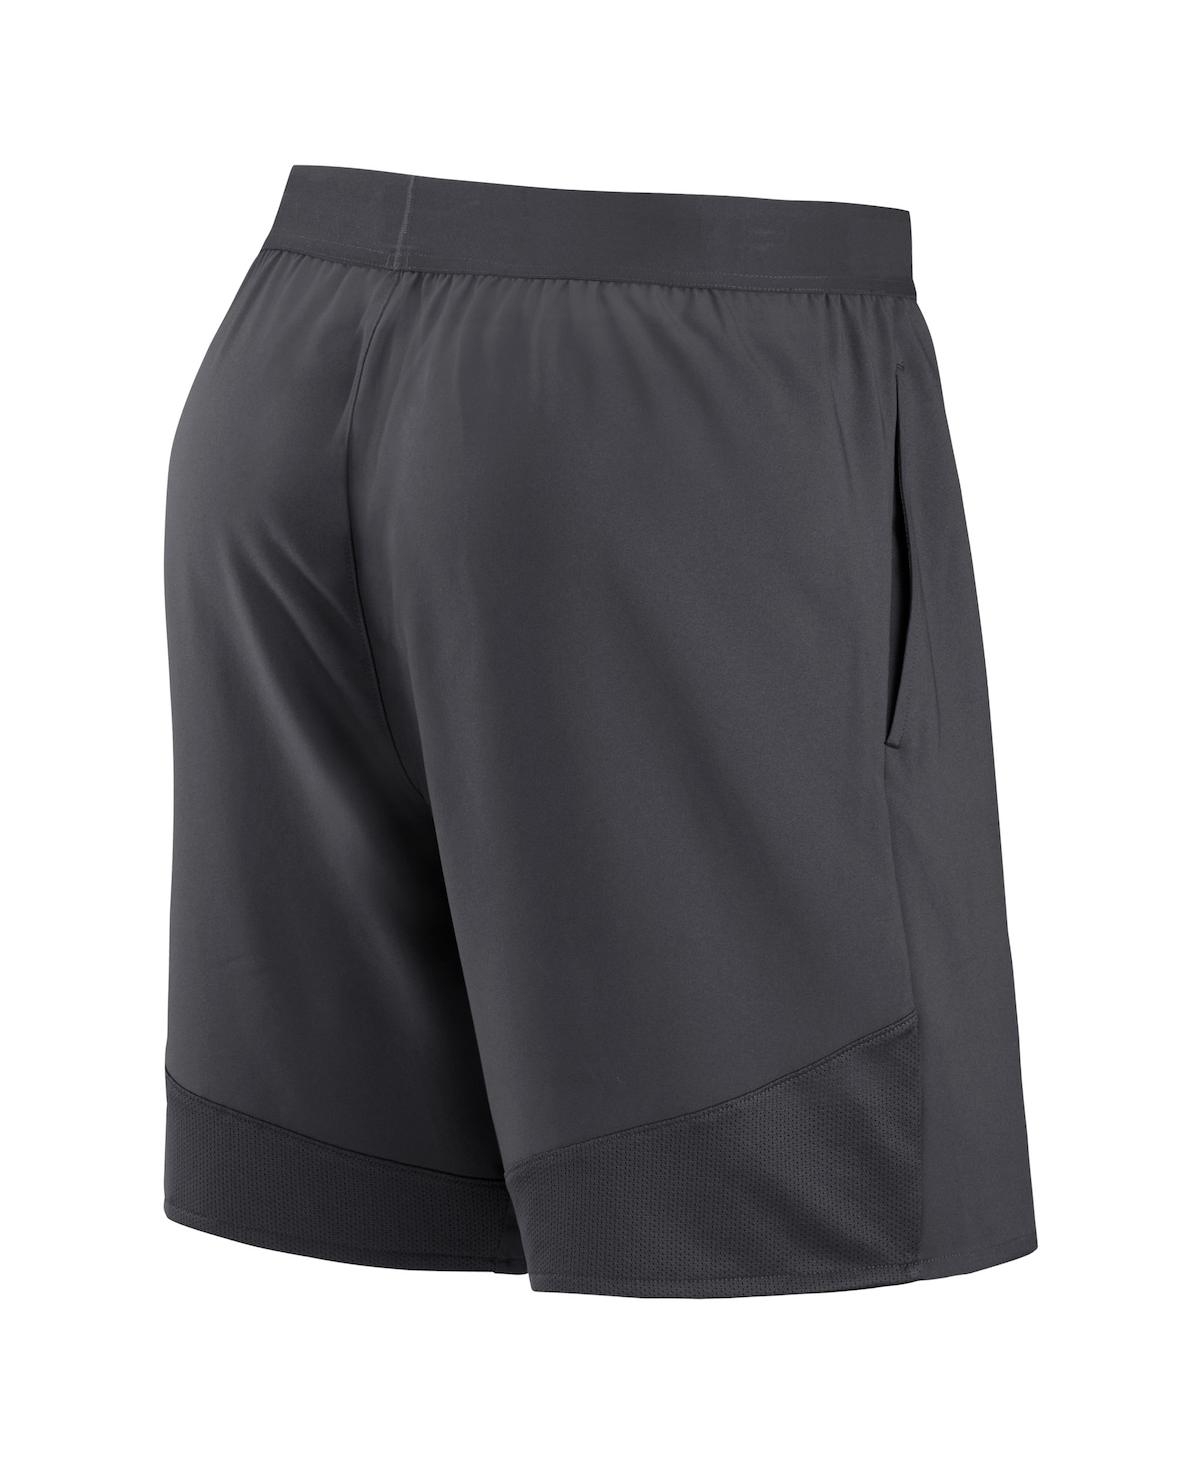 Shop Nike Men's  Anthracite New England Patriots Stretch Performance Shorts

#####

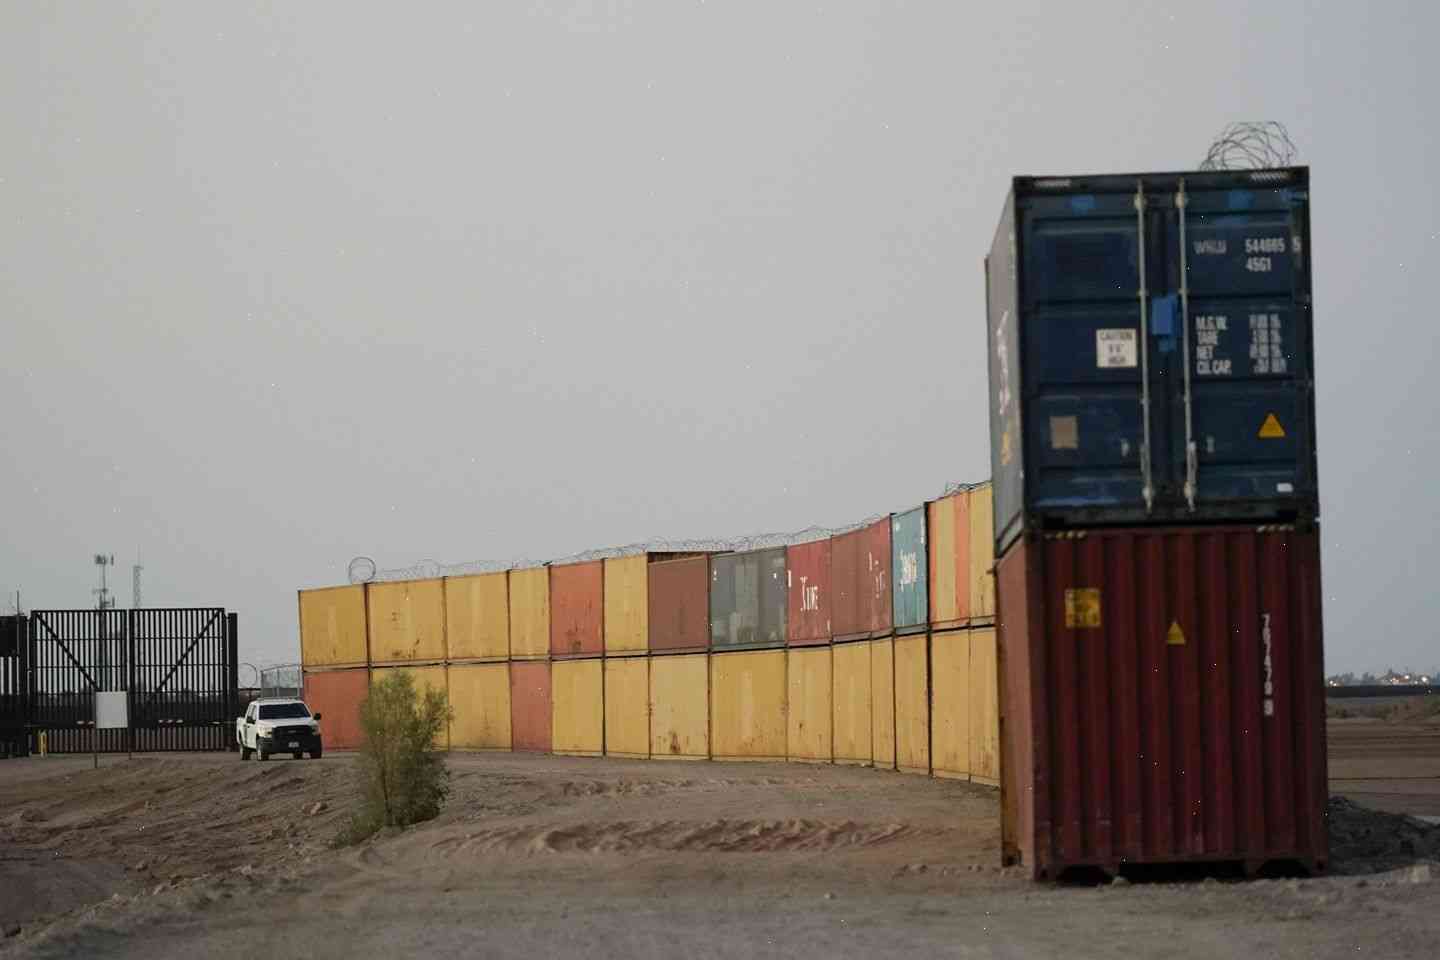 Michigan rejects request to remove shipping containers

#####

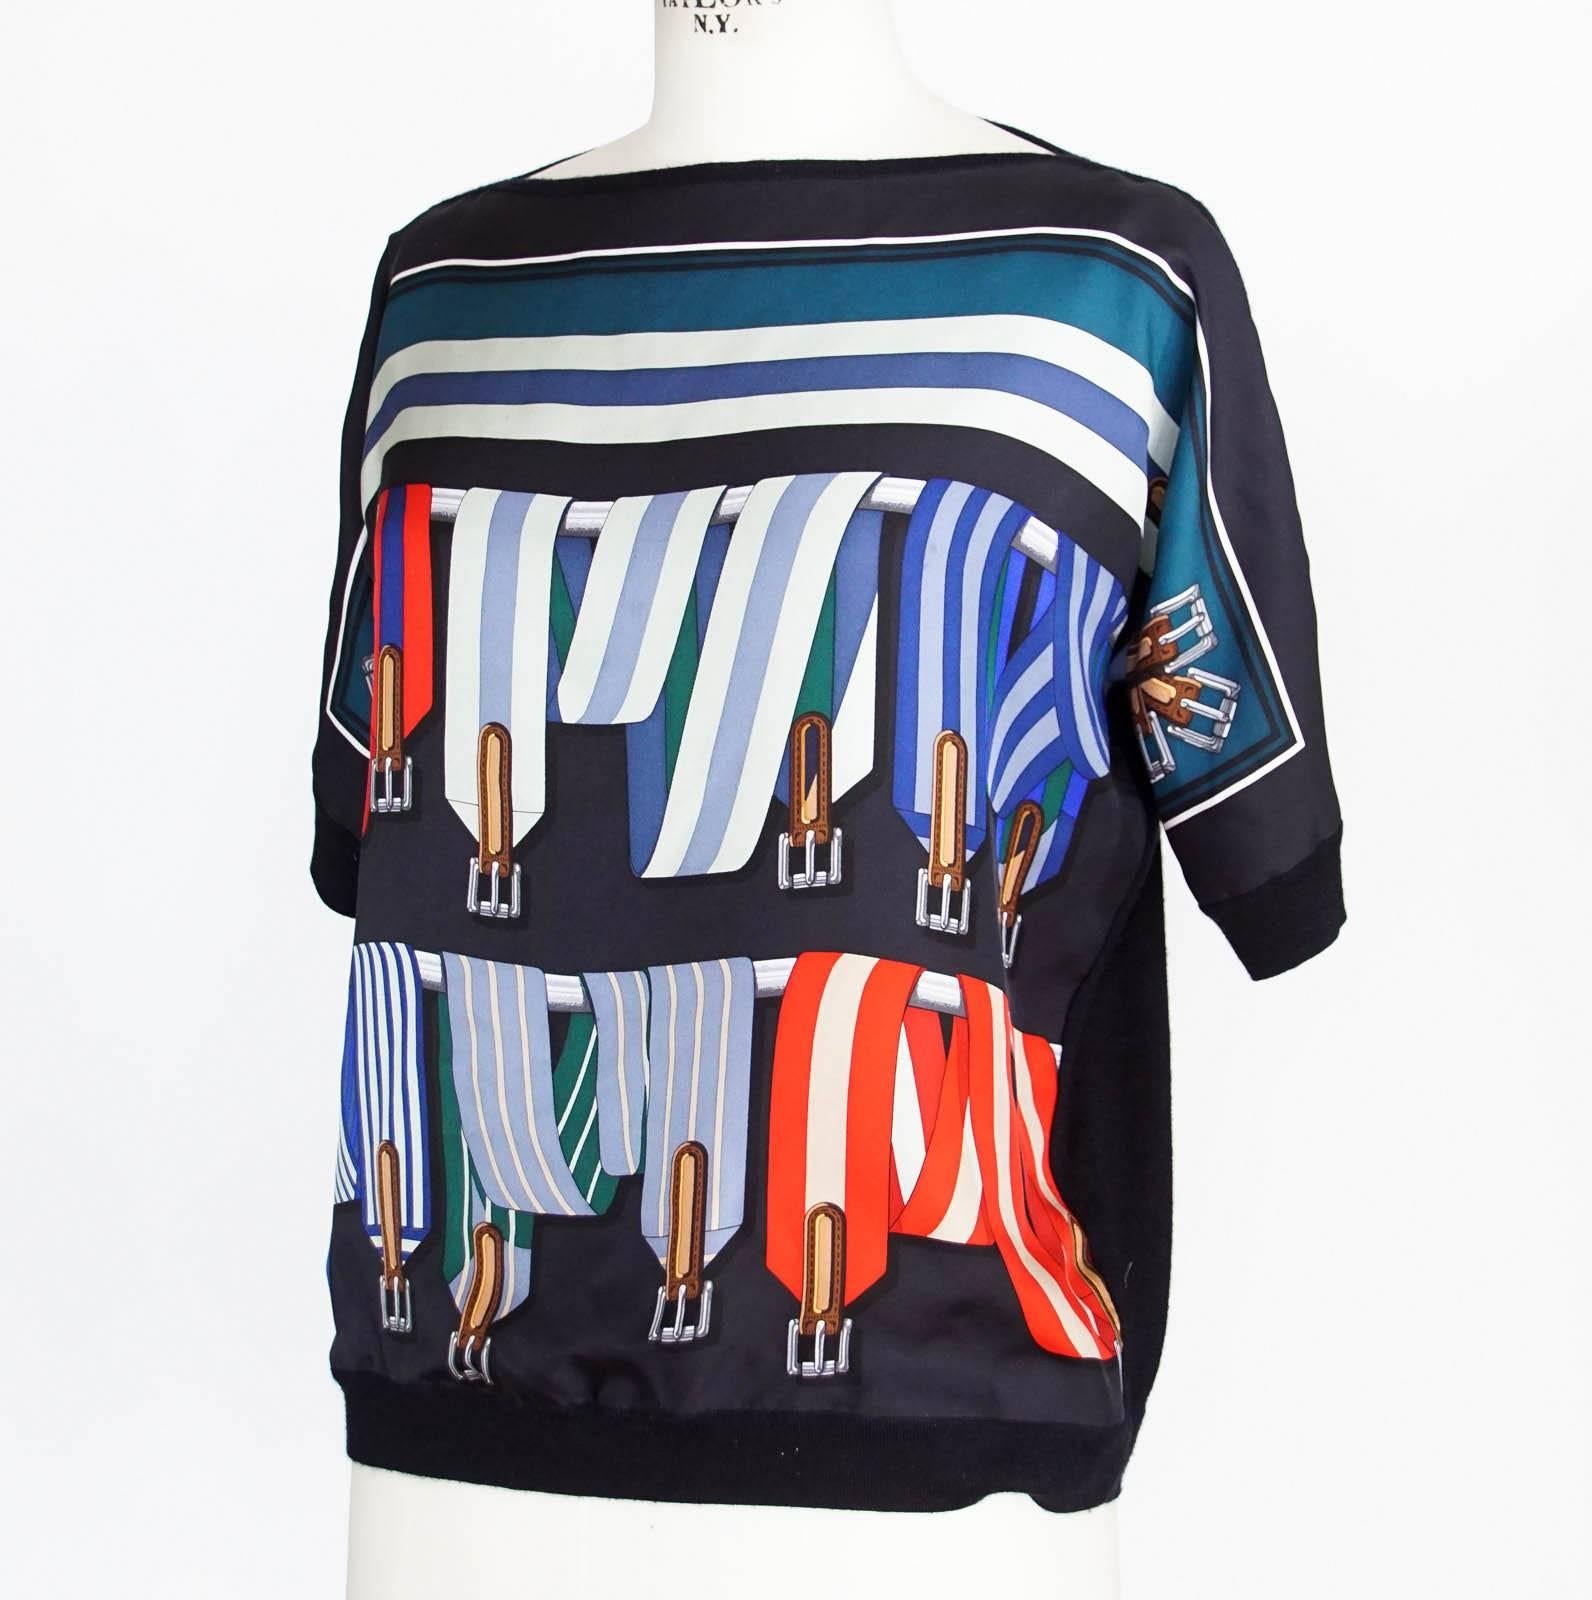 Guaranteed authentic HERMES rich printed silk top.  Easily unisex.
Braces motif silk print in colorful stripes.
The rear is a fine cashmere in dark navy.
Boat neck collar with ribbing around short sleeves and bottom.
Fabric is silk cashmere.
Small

#####

# WORK TO COMPLETE
Which lines above contain "cashmere"? Show each of them.

# RESPONSE TO THE EXERCISE
The rear is a fine cashmere in dark navy.
Fabric is silk cashmere.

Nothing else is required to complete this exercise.